The following story by David Baker appeared June 8 in the San Francisco Chronicle.
A ballot initiative that would have limited the ability of local governments to enter the electricity business was narrowly defeated in a loss for the measure’s main backer, Pacific Gas and Electric Co.
The utility company, California’s largest, sank more than $46 million into its campaign for Proposition 16, which would have forced cities and counties to win the approval of two-thirds of their voters before spending public money to start or join a public power agency.
PG&E has often beaten back efforts by some of the cities it serves – including its hometown of San Francisco – to break away and form their own utilities. Prop. 16 would have required each of those efforts to face a vote of the public, which hasn’t always been the case.
“Obviously, people want a right to vote on this issue,” said Robin Swanson, a spokeswoman for the Prop. 16 campaign. “Folks who have taken notice have decided they want a say in these decisions.”
Opponents argued that PG&E was simply trying to protect its monopoly. Requiring supermajority approval would doom most public power efforts, they said.
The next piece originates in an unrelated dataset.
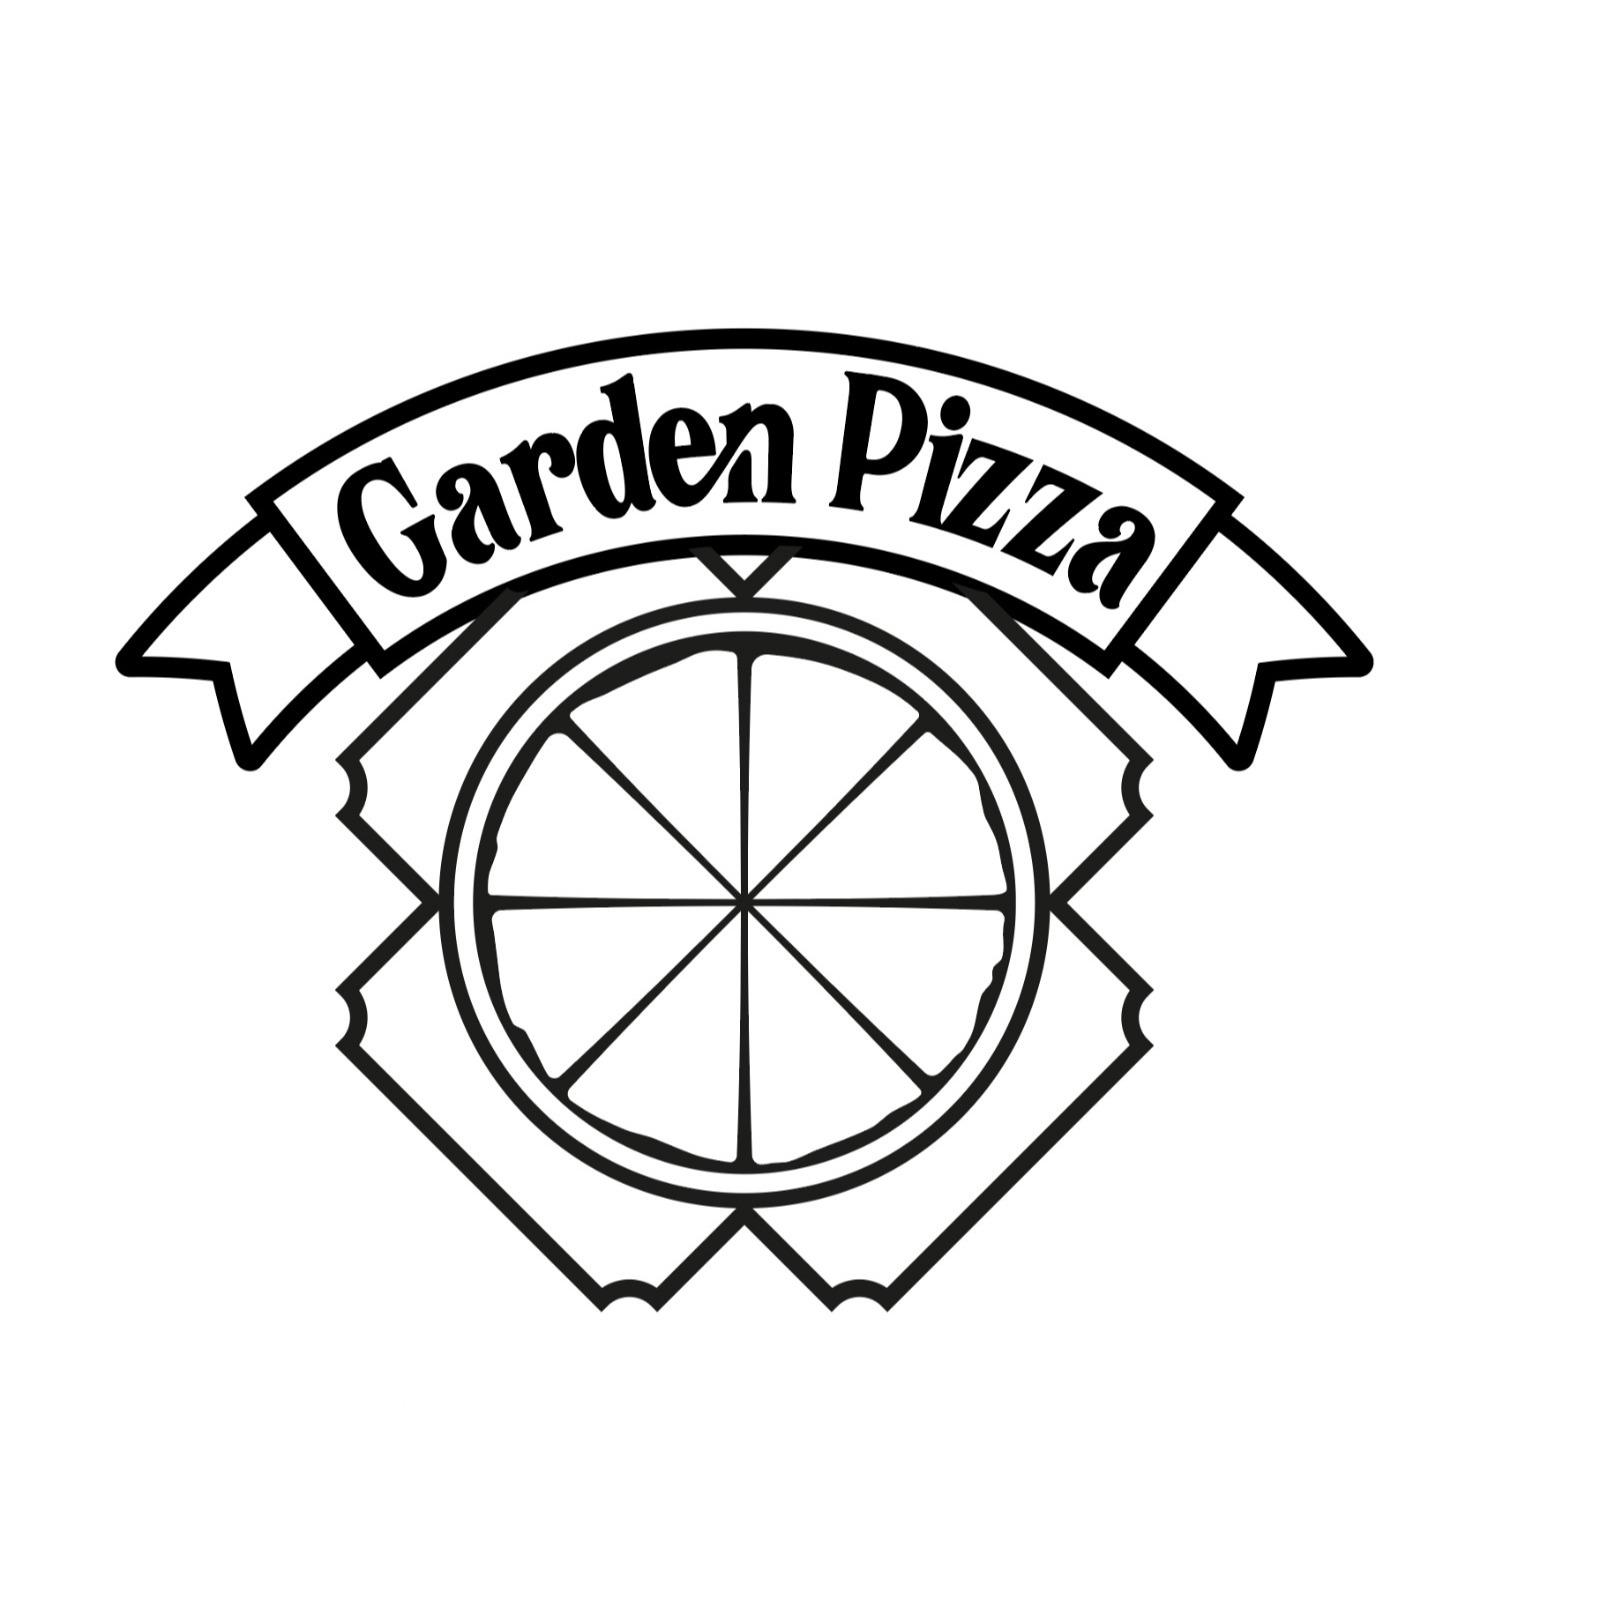 Garden Pizza in Herne - Logo

They complained that PG&E, which supplied all of the initiative’s funding, was trying to buy an amendment to the state Constitution, perverting a ballot initiative process that was created to rein in the political power of corporations.
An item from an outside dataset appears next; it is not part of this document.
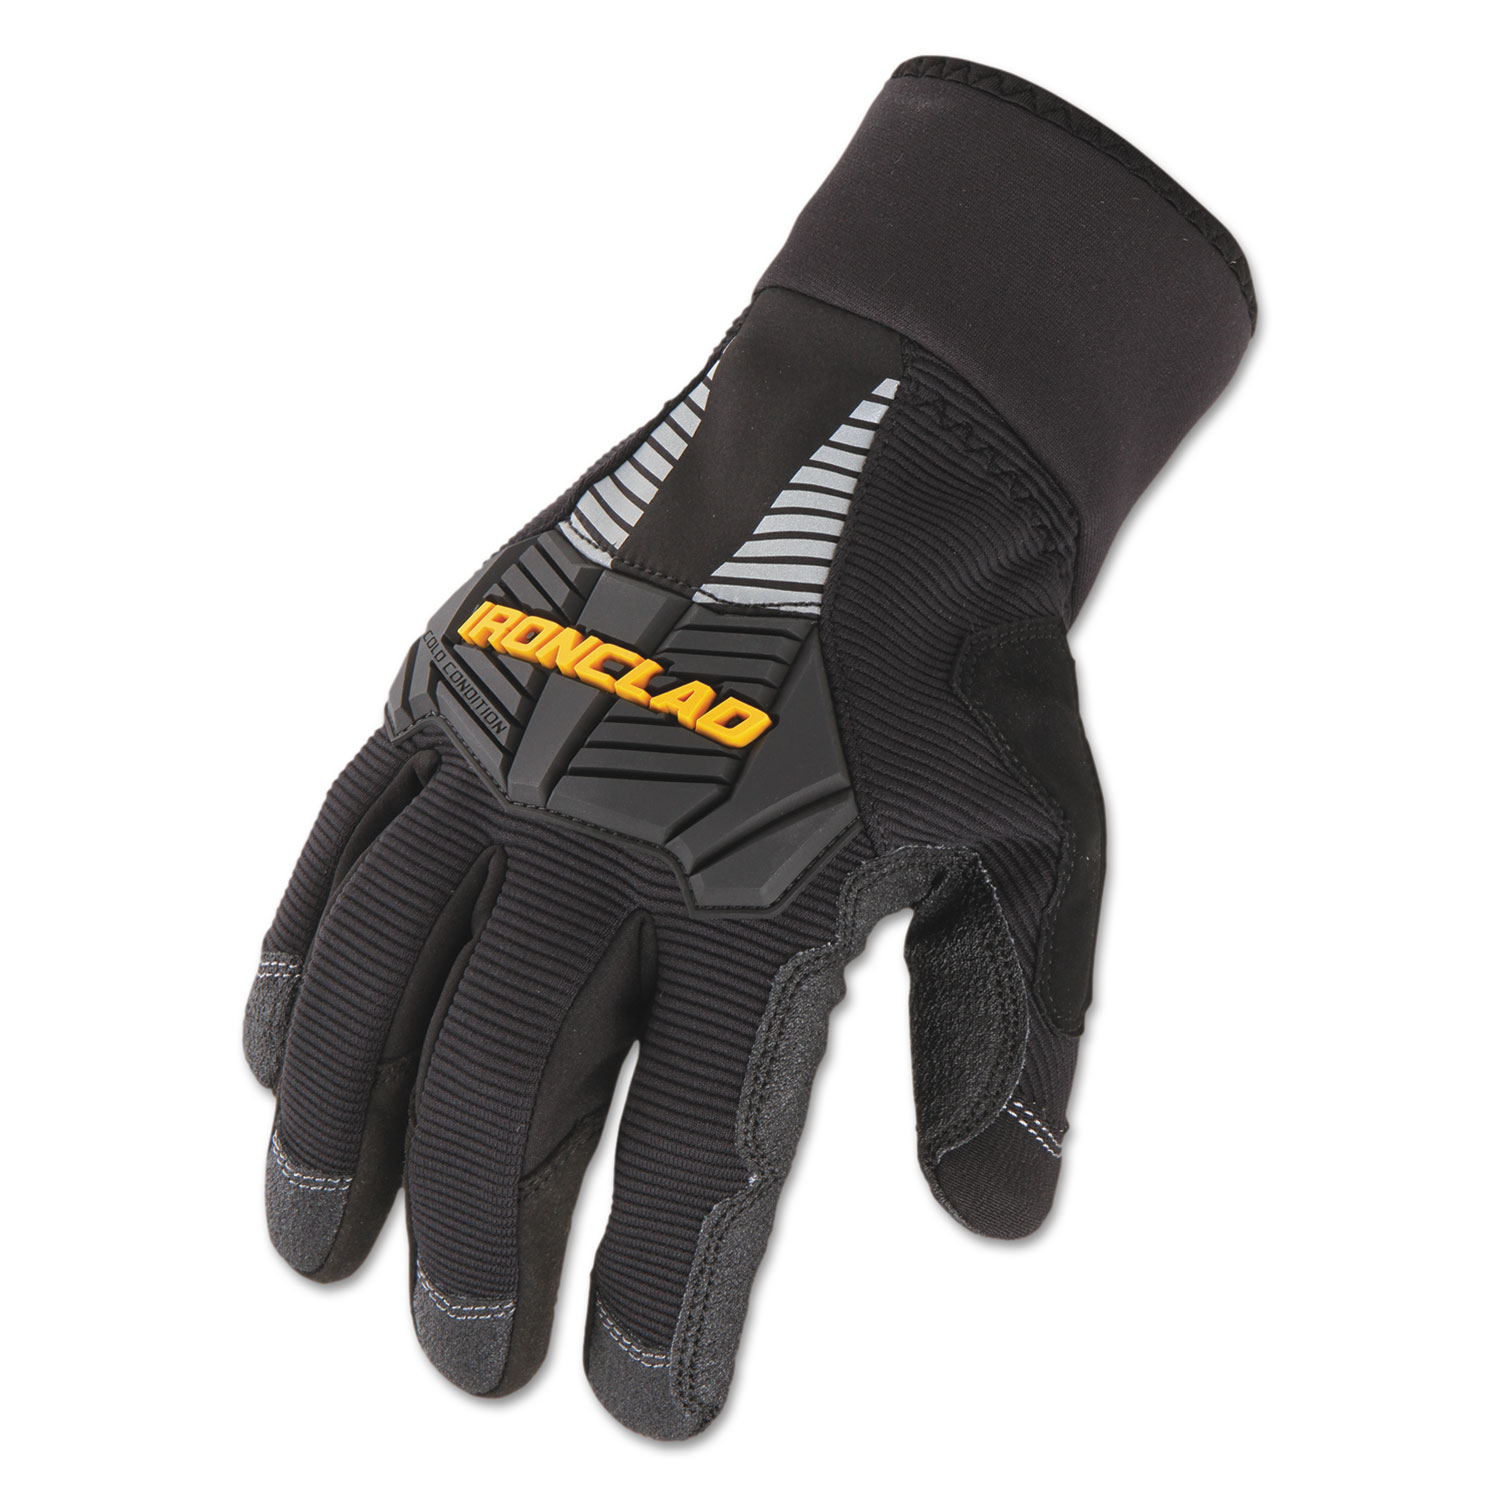 Cold Condition Gloves, Black, Medium

California has seen pitched battles over public power for decades.
In 1913, the federal government authorized San Francisco to flood the Hetch Hetchy Valley and create a municipal utility using electricity from hydroelectric dams. But city leaders decided to sell the electricity to other communities and keep the profits, an act that infuriates public power advocates to this day. They note that municipal utilities, such as those serving Sacramento and Palo Alto, typically have lower rates than investor-owned utilities such as PG&E.
This year, the battle has shifted to a new type of public power service called community choice aggregation.
Established by a 2002 state law, community choice allows counties or cities to buy electricity on behalf of their citizens, while traditional utilities continue to own the power lines and distribution equipment, supply natural gas and handle billing. The arrangement lets communities decide where their electricity comes from, and many advocates see it as a way of expanding the use of renewable power.
Cities and counties can create community choice aggregation systems without a vote of the public. Residents who want to continue buying their power from the traditional utility can opt out of the new system at no cost.
Marin County established California’s first community choice system in May, despite fierce opposition from PG&E. San Francisco officials have been assembling their own community choice program, putting in place as many pieces as possible before Tuesday’s primary election.
Prop. 16’s defeat would make San Francisco’s effort much easier to accomplish.
With PG&E willing to devote millions to the campaign, the fight over Prop. 16 turned into a lopsided contest. The opponents – a collection of consumer groups, environmental organizations and city councils – raised just $101,400.